D’autres soulignent que l’asynchronie qui peut être présente entre une, une autre ou certaines des sphères de développement (cognitive, sociale, ou motrice) chez les personnes hautement douées pourrait être à l’origine d’anxiété et autres difficultés potentiellement associées (somatisation, troubles de l’humeur, difficultés de sommeil, consommation d’alcool, ou autres). Certaines études ayant utilisé la WAIS comme instrument mesure concluent à des difficultés affectives plus grandes lorsque les scores à l’échelle de compréhension verbale sont significativement plus élevés. À l’inverse, des scores élevés à l’échelle de raisonnement perceptif seraient associés à une meilleure gestion de l’anxiété. Même si davantage d’études sur le sujet demeurent nécessaires, on pourrait croire que certains profils d’individus doués ayant une plus grande tendance à réfléchir aux questions existentielles (aptitudes verbales très supérieures) peuvent exprimer davantage de souffrance affective que ceux qui se démarquent plutôt quant à leurs capacités raisonnement et la résolution de problème (utiles alors pour gérer les difficultés au quotidien).

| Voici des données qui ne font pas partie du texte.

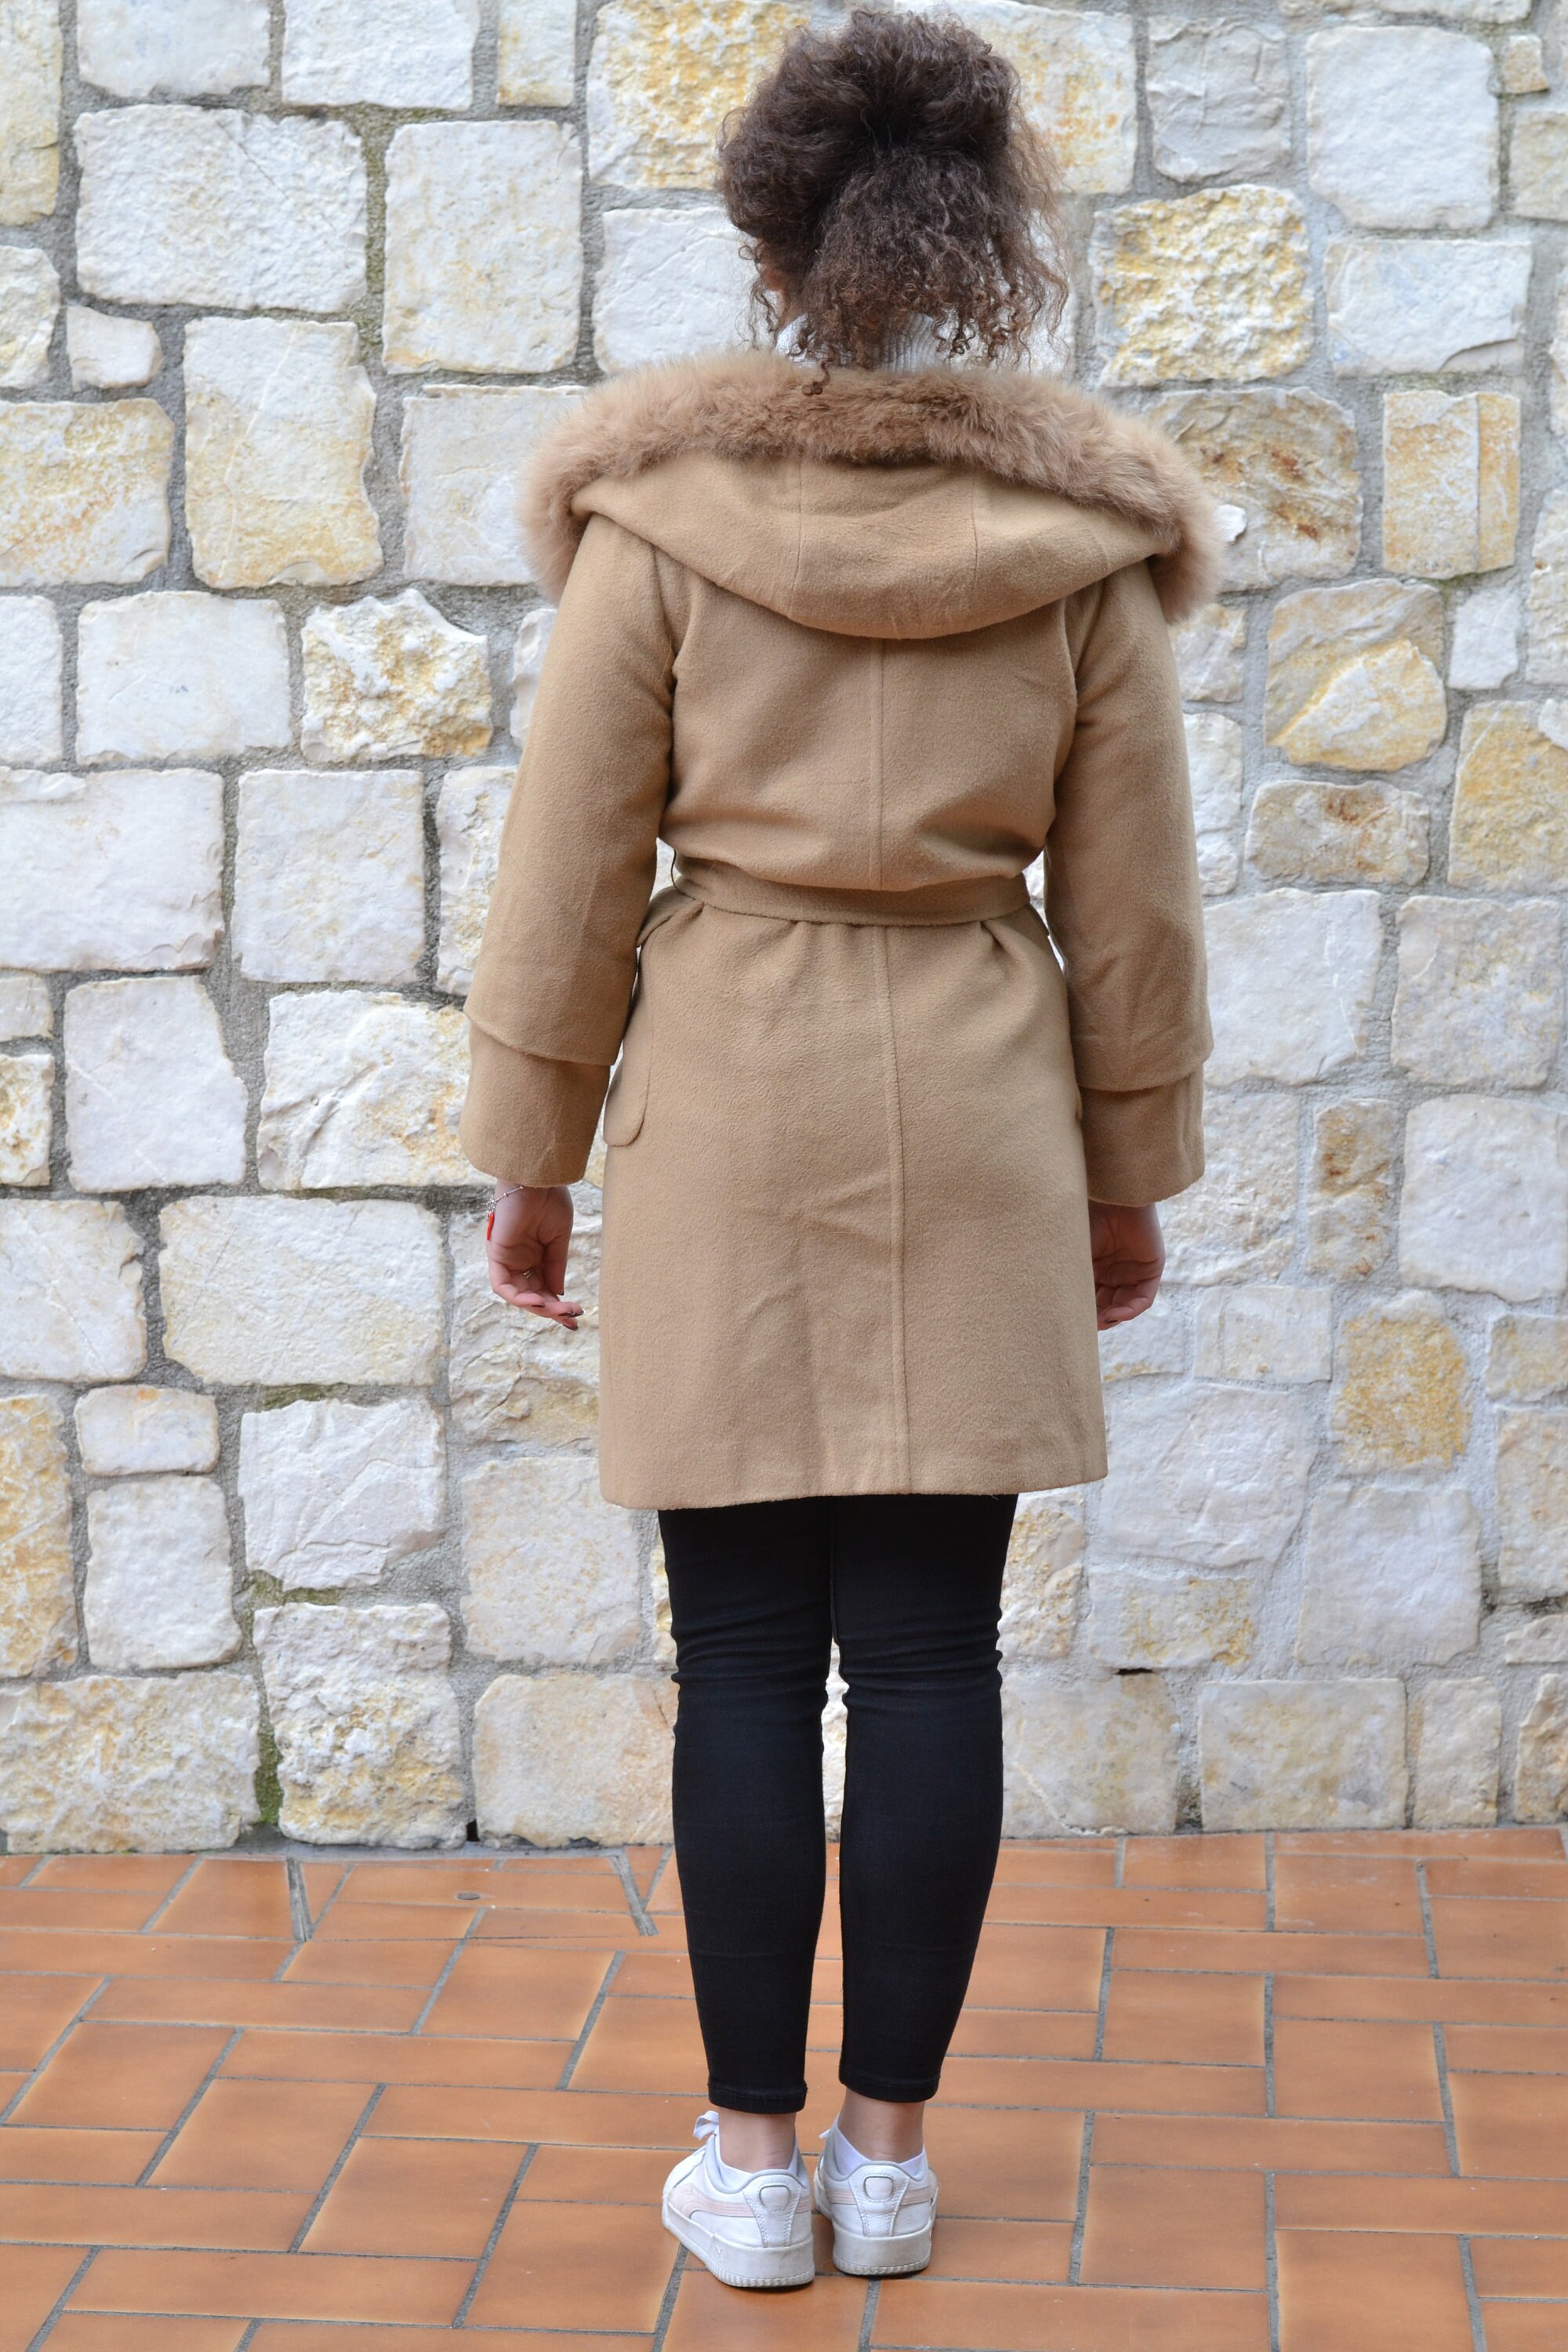 Cappotto cammello lana cashmere cappuccio – Angelico

Dans tous les cas, chez les doués comme pour tous, des facteurs de protection importants à favoriser pour le bien-être psychologique sont le soutien de l’entourage et le maintien d’une bonne estime de soi. Les enfants doués qui présentent une meilleure confiance en eux et un engagement vers des objectifs clairs présentent généralement un meilleur bien-être psychologique. Une bonne évaluation et compréhension de chaque personne permet de mieux cerner son fonctionnement, et s’il y a lieu, expliquer une souffrance rapportée, voire éviter les erreurs diagnostiques. Il est probable qu’une identification et compréhension plus claire du fonctionnement d’une personne douée contribuent à valider celle-ci, expliquer son fonctionnement, et ainsi favoriser son développement affectif et son adaptation sociale. Cela pourrait par exemple permette à un individu doué de mieux se comprendre et d’accepter ses particularités plutôt que de se conformer à des standards qu’il croit plus attendus, et ainsi masquer des parties de son identité. De meilleures décisions pour supporter les défis particuliers vécus par les personnes douées pourraient aussi alors être prises. Le saut de classe, par exemple, est considéré comme un meilleur choix pour plusieurs auteurs afin de favoriser leur épanouissement.